Страница 3 из 25
***
Я задрал голову и посмотрел на небо: там не было ни облачка. От горизонта до горизонта простирался чистейший небосвод, даже не подернутый вечерней дымкой. Сумерки еще не тронули долину, в которую мы спускались, а лишь коснулись подножия окрестных гор, кутая их пеленою тумана.
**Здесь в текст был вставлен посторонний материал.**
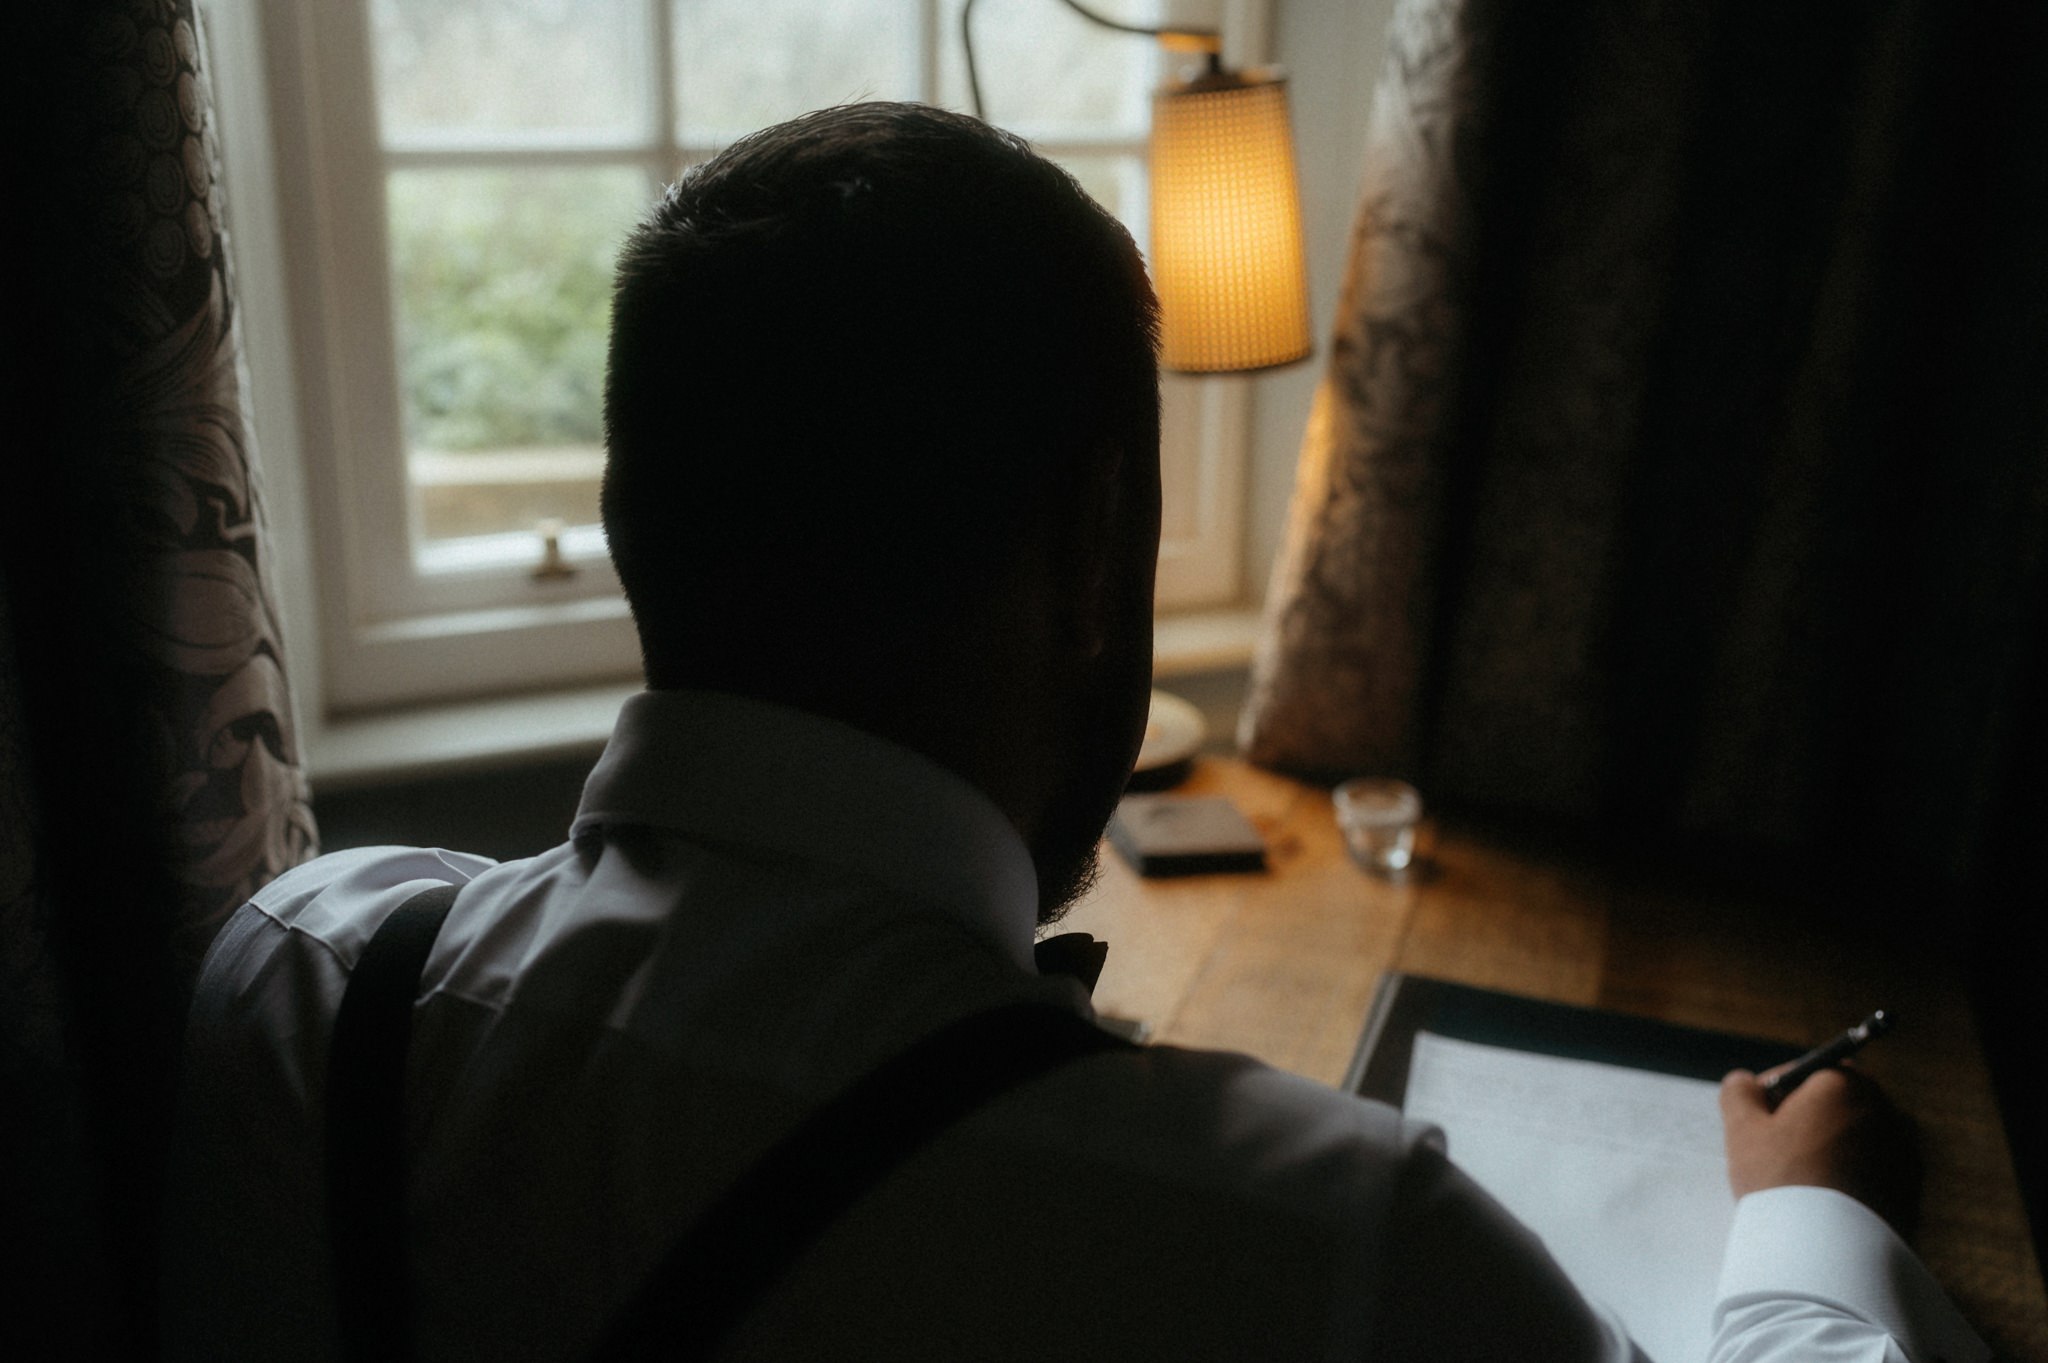 elopement in scotland. Groom writing vows by a window. photo by sean bell

Кажется, мечтам не суждено было сбыться, а так хотелось. Хотелось еще раз Его увидеть, подсунуть голову под теплые ласковые руки, услышать тихий неземной голос. От осознания, что мы не встретимся, я взгрустнул. Уголки глаз намокли, и по щеке скользнула слеза. Я шмыгнул носом и покосился на спины идущих впереди меня людей. Апостолы, занятые разговором, не обращали на меня внимания.
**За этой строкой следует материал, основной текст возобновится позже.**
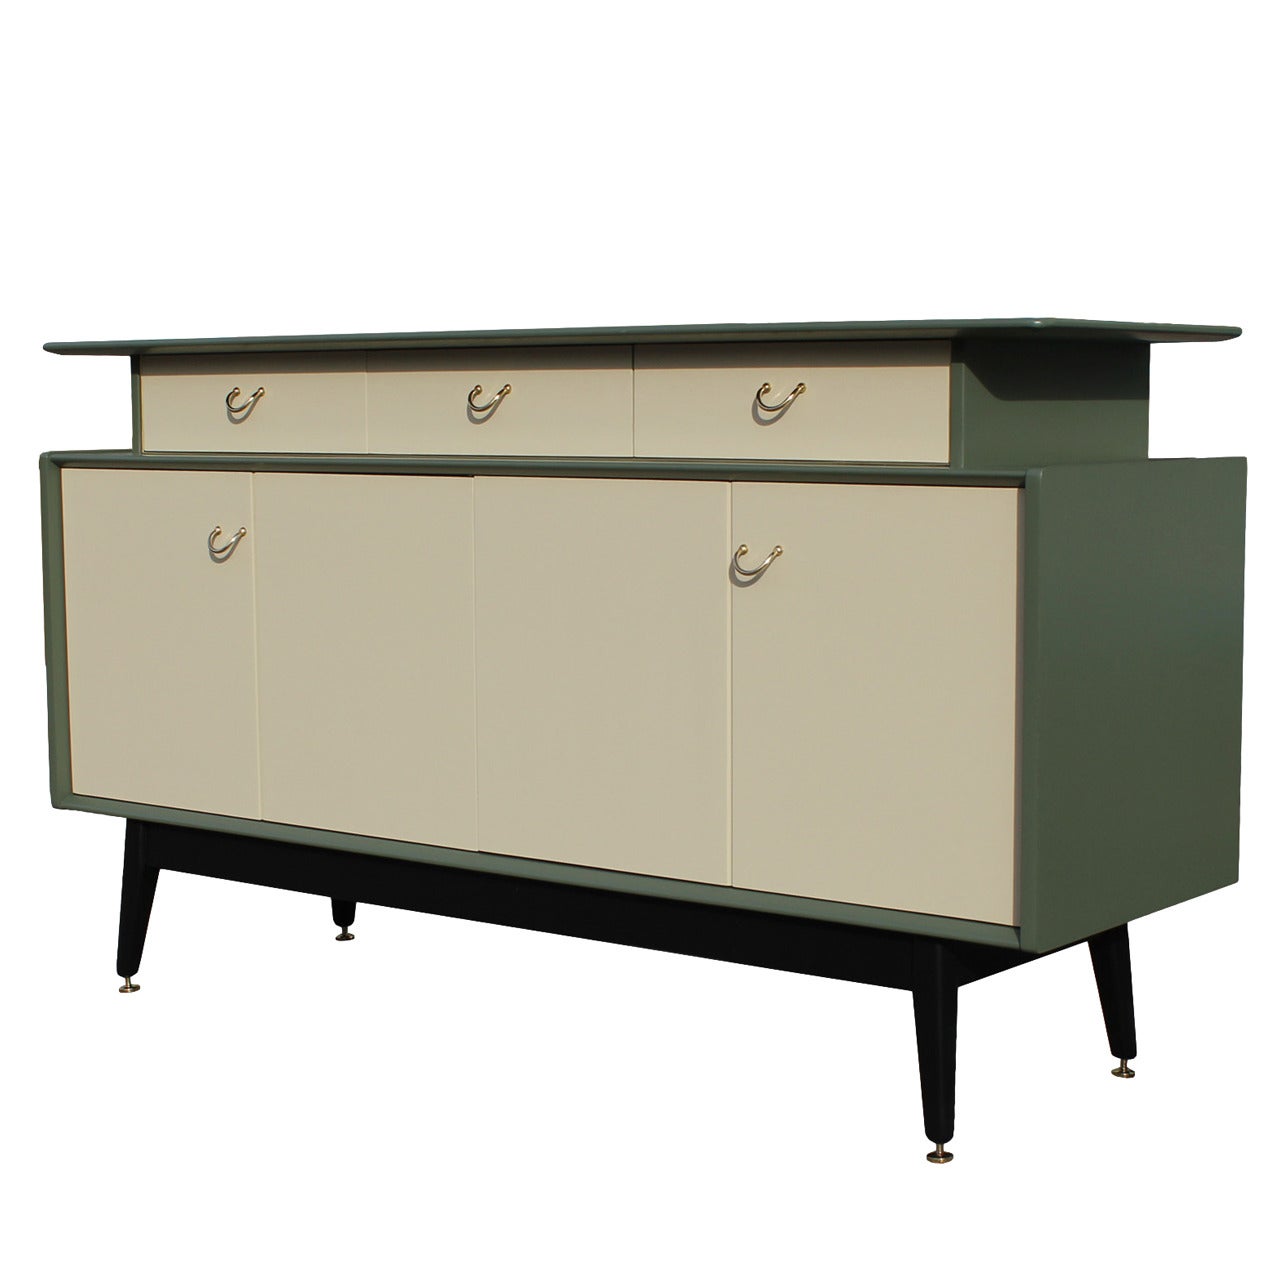 Stunning Green Color-Block Sideboard with Brass Accents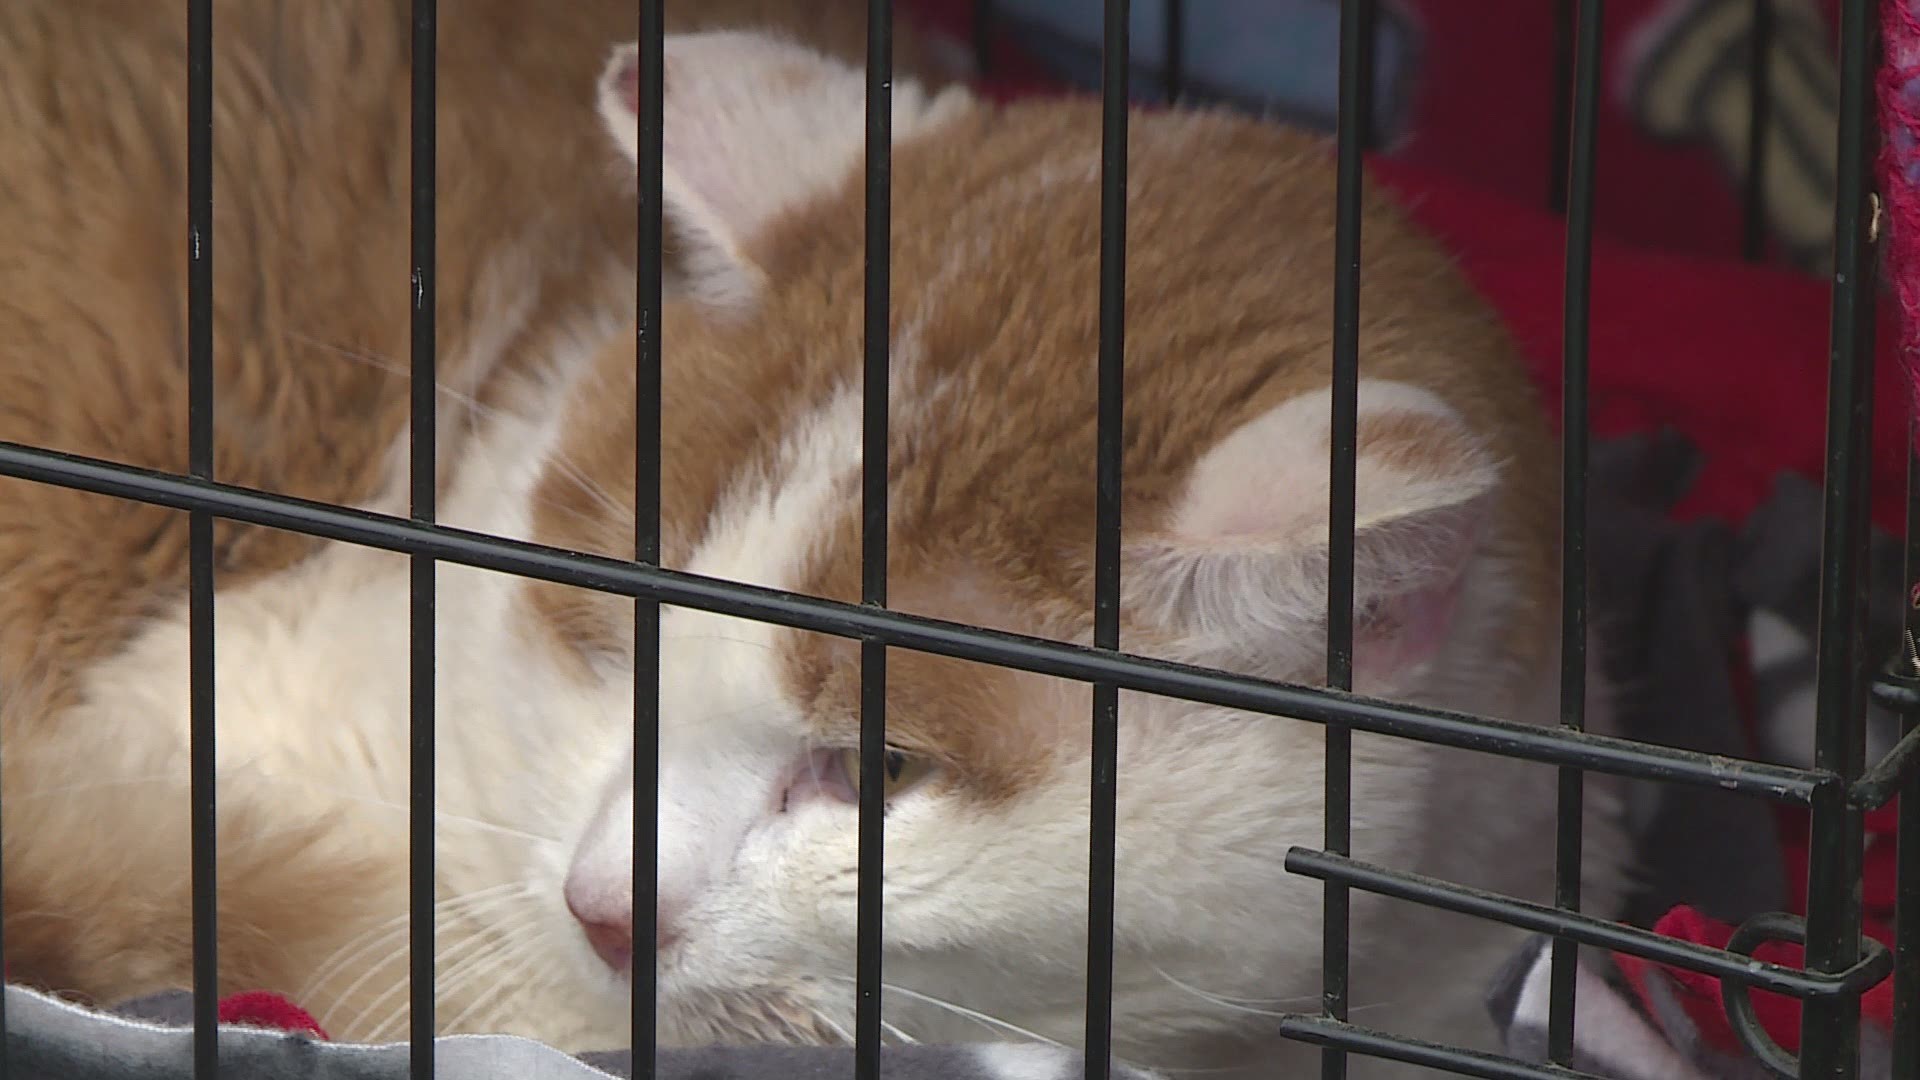 Authorities were able to save a cat from a Fort Smith park from freezing to death on Wednesday.

Я прикрыл глаза, повторяя про себя услышанные накануне казни слова Господина моего: «Если чего попросите во имя Мое, Я то сделаю20». Сказал он это Филиппу21 и бывшим с ним, но, кажется, они не поняли, о чем Он говорил.
А я понял тогда…
И поэтому зашептал: «Господин, можно мне еще раз увидеть Тебя?.. Ну хоть на полшажка22…».
Хоть я и осёл, но я особенный: я бы сказал, весьма способный и немножко даже талантливый… Дух тщеславия тут же подхватил меня и приподнял над землей. Мысленно я взлетел выше крон, хотя ногами шел по земле, думая, какой я молодец, гений, талантище, махина с длинными ушами и обвислым хвостом. Встречный ветер пригнал не обрывки, а целую фразу, адресованную мне, хотя Лука говорил её Клеопе.
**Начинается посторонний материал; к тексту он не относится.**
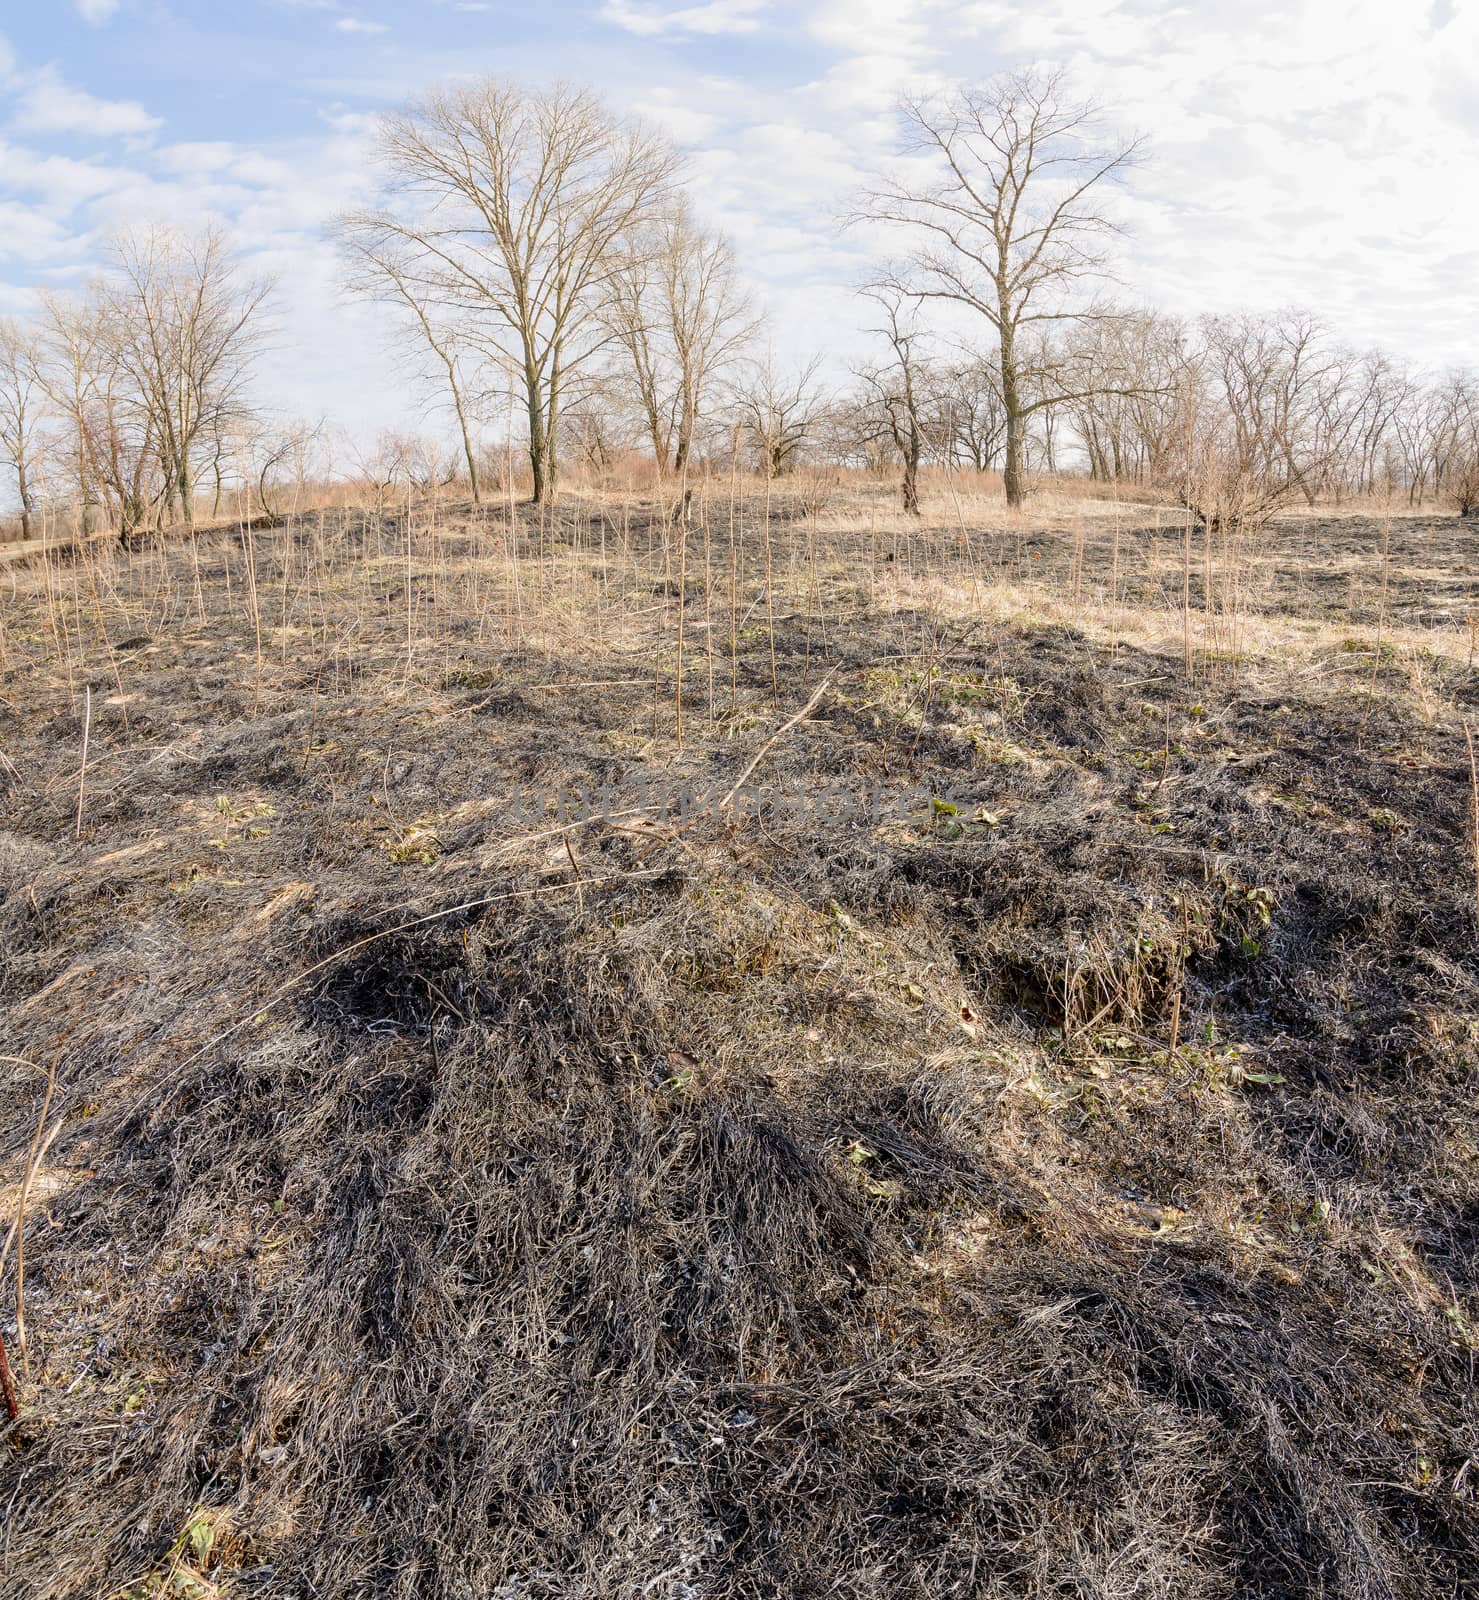 Wasteland after fire consequences: dry ground, tree roots and bushes are burnt and devastated

– И сказал Он: «из сердца человеческого исходят злые помыслы, прелюбодеяния, любодеяния, убийства, кражи, лихоимство, злоба, коварство, непотребство, завистливое око, богохульство, гордость, безумство23», – Лука протянул руку и, взяв у Клеопы опахало, помахал возле лица.
«Гордость!», – я помотал головой, отгоняя от себя навязчивые мысли. Дух тщеславия лопнул, как мыльный пузырь, и моя хвастливая сущность треснулась о булыжники, которыми была вымощена дорога из Иерусалима в Эммаус. После того как я слетел с небес на землю, пришло осознание собственной ущербности. «Кто я такой? – думал я, тяжело вздыхая. – Тварь в серой шкуре, с заячьими ушами и обвислым хвостом. Хвастливая непарнокопытная скотина, возомнившая себя человеком…»
Протяжный вздох привлек внимание апостолов: они резко остановились, одновременно повернулись и стали меня рассматривать. Пришлось вильнуть в сторону, уходя от столкновения. Я сделал вид, что они мне безразличны, сошел на обочину и пошел вдоль неё, обнюхивая скрюченные от засухи листья подорожников.
И тут я увидел Того, Кого люди еще не видели или делали вид, что не видят. На валуне сидел человек в белом хитоне. Он улыбался, источая свет и невероятную благодать, настоянную на радости и любви.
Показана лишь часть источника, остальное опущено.